Но там, где она должна жить, что-то разбито.
Раздавлено.
Наплывает отчаяние.
Отпечатки сливаются с серым.
По щеке стекает слеза.
В голове светится имя.
Ба Труди Кэтчин.
Моя прапрабабушка.
Слышу мамин голос:
Твоя старая бабуля родилась в те времена, когда белые люди только начали прибывать на нашу землю. Она пережила много страшных минут. Она ничего не могла сделать. Ее лишили свободы выбора. Однако она черпала силу из своей родины. Семьи. Народа. Она не забывала, как смеяться. Не забывала, как любить.
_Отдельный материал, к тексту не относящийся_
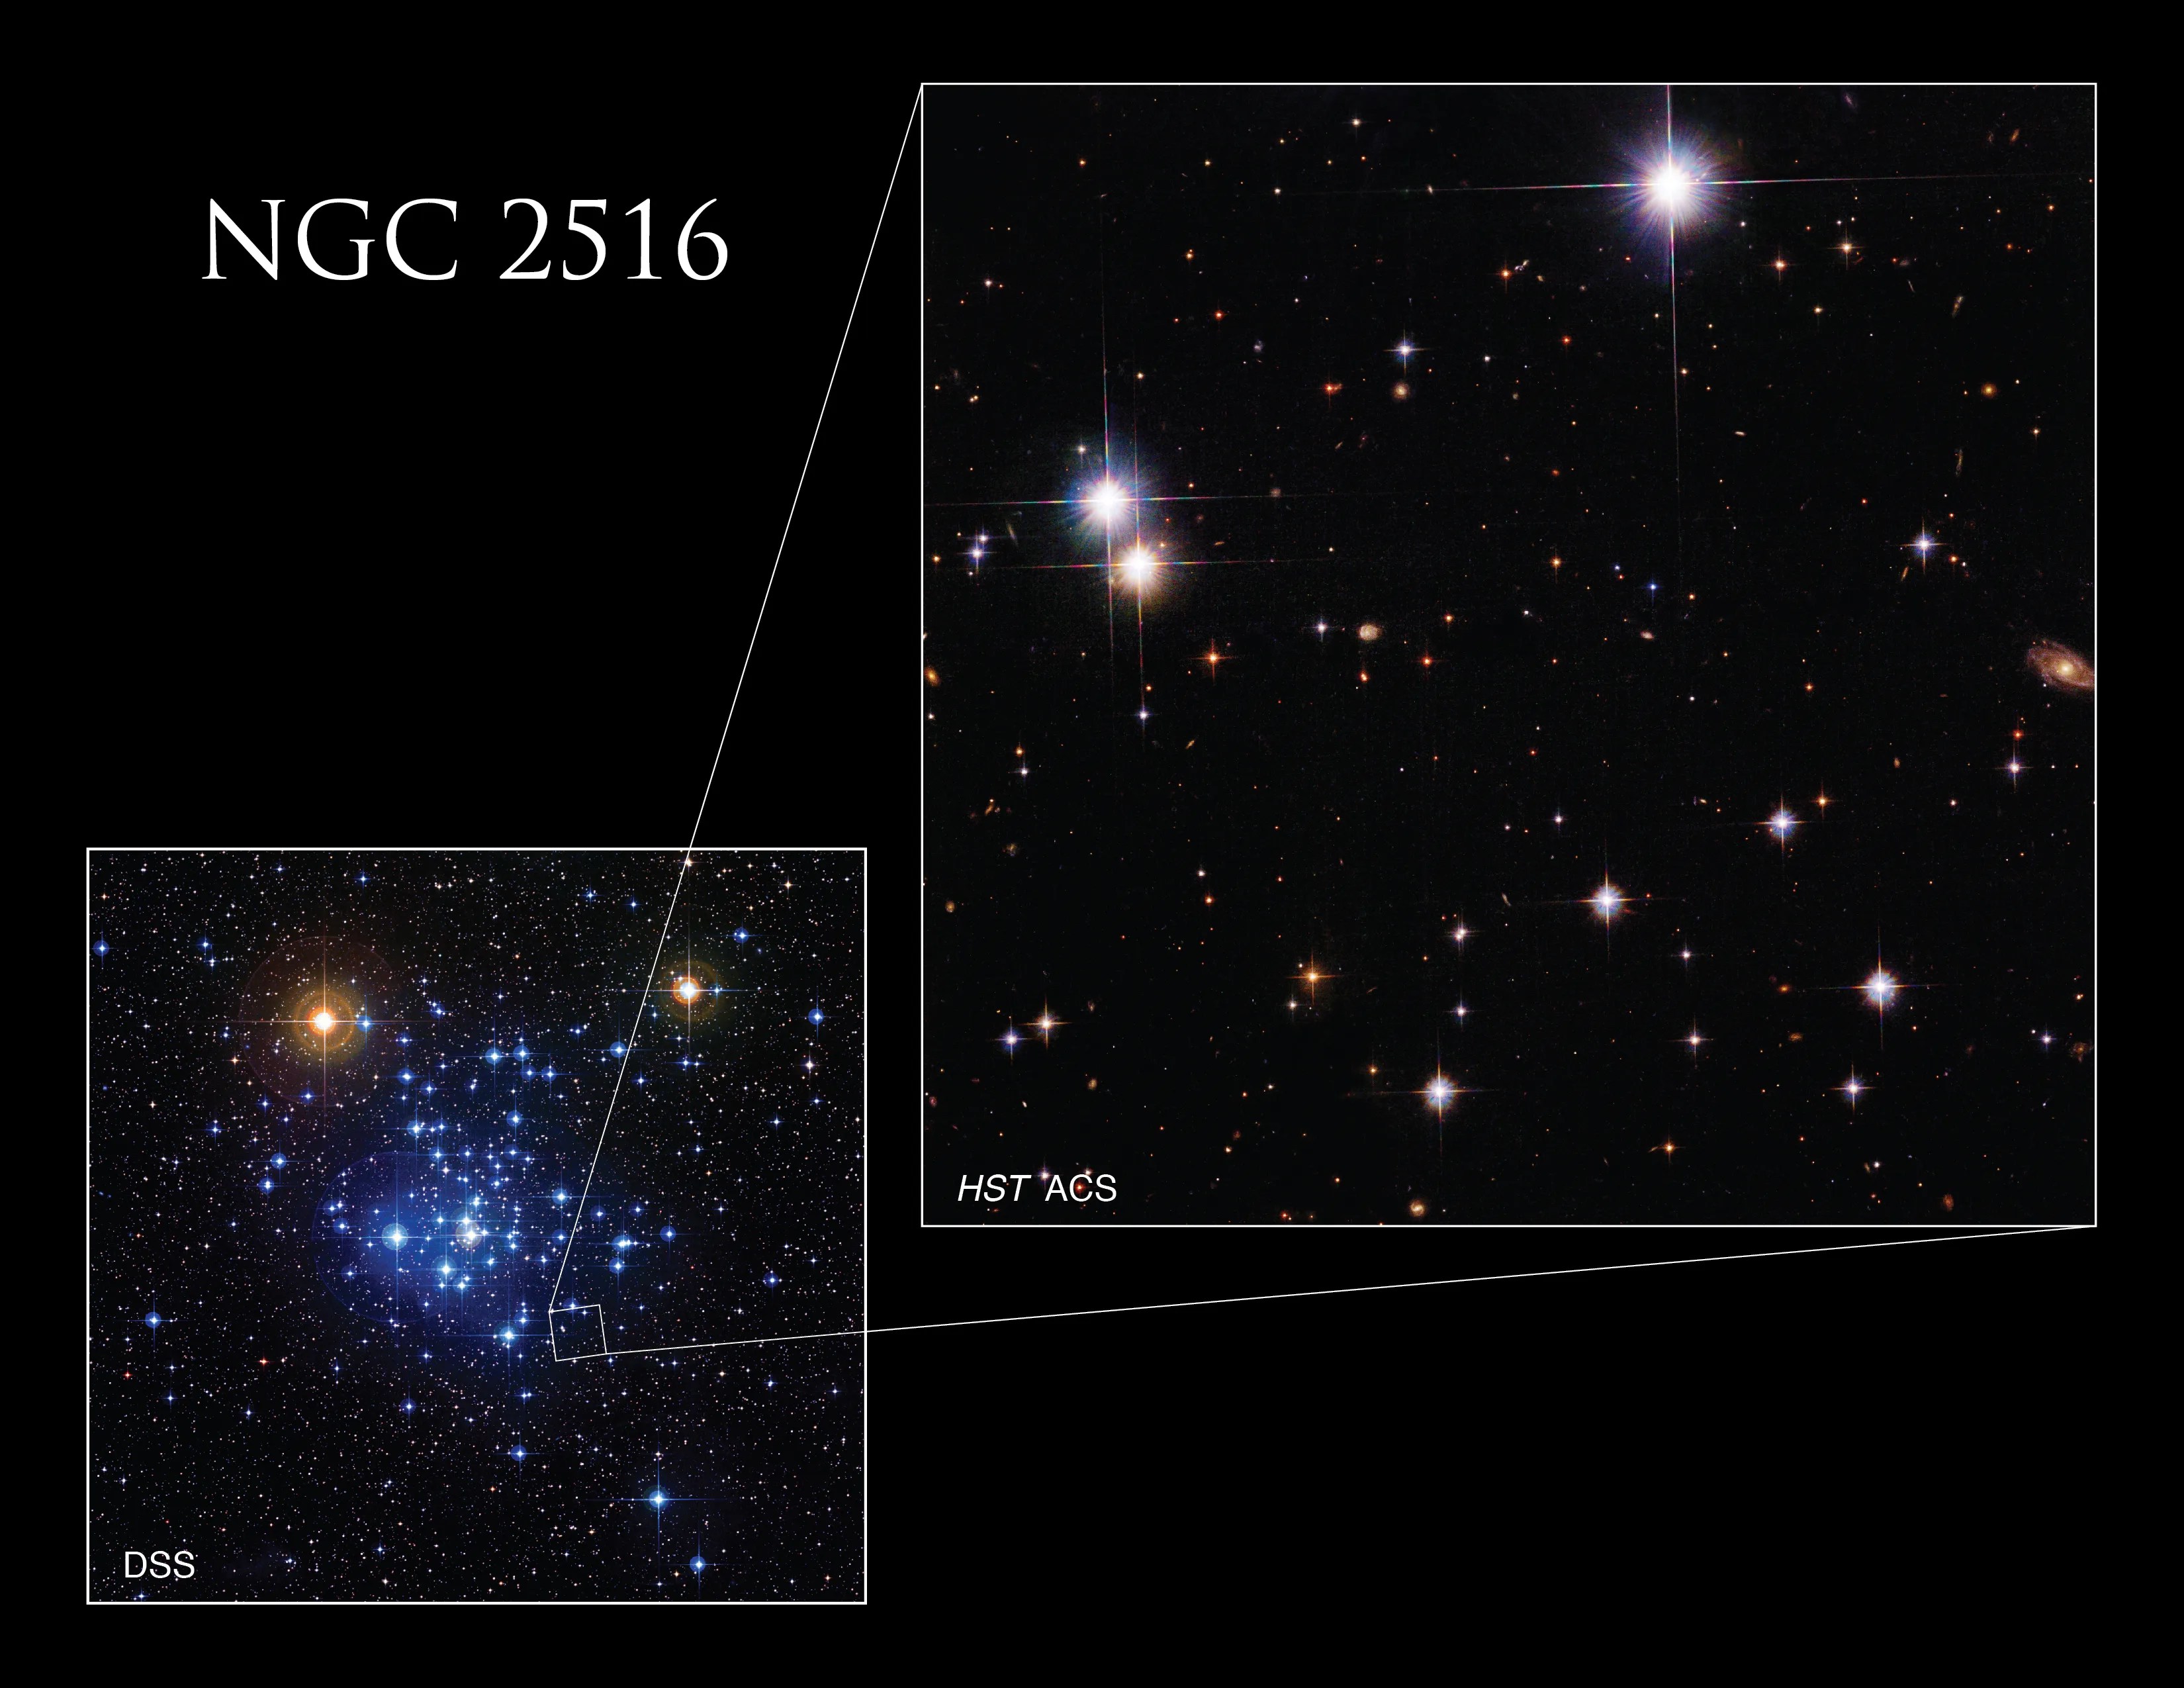 To the left is a cluster of blue stars against a black background. Two bright orange stars are near the top of the image. A callout box at the edge of the cluster shows the location of the Hubble image (shown at the right), which features scattered stars including several large bright ones.

Твоя бабушка знала, как оставаться собой.
Родственные связи проходят через время и пространство.
Ба Труди Кэтчин…
Бабуля Сэди Кэтчин…
Бабушка Лесли Кэтчин…
Мама…
Я.
Нахожу путь к себе.
К своей силе.
Проблеск надежды.
Встаю.
Блеск перерастает в огонь.
Иду к свету под потолком.
Огонь вырастает в пламя.
Подношу руку к свету.
Языки пламени вылетают из сердца, лижут запястье.
Слышу слабый треск.
Отпечаток пропадает.
Смотрю на часть себя, что удалось вернуть.
Мягкая кожа.
Голубые вены.
Веснушка.
Красиво. Я – красивая.
Кроу подпрыгивает ко мне.
Ласково берет за запястье.
– Не мертвая.
Берет себя за волосы.
– Не серая.
И наконец:
– Никто не придет?
Понимаю. Все это время она верила в три истины:
Чтобы перенести то, что твои краски забирают, надо умереть внутри.
Если посереешь – это навсегда.
Никто не придет остановить Едока.
Теперь она спрашивает…
Если первые две истины оказались ложью, то что третья?
Отвечаю:
– Сначала поймаем серое. Потом остановим Едока.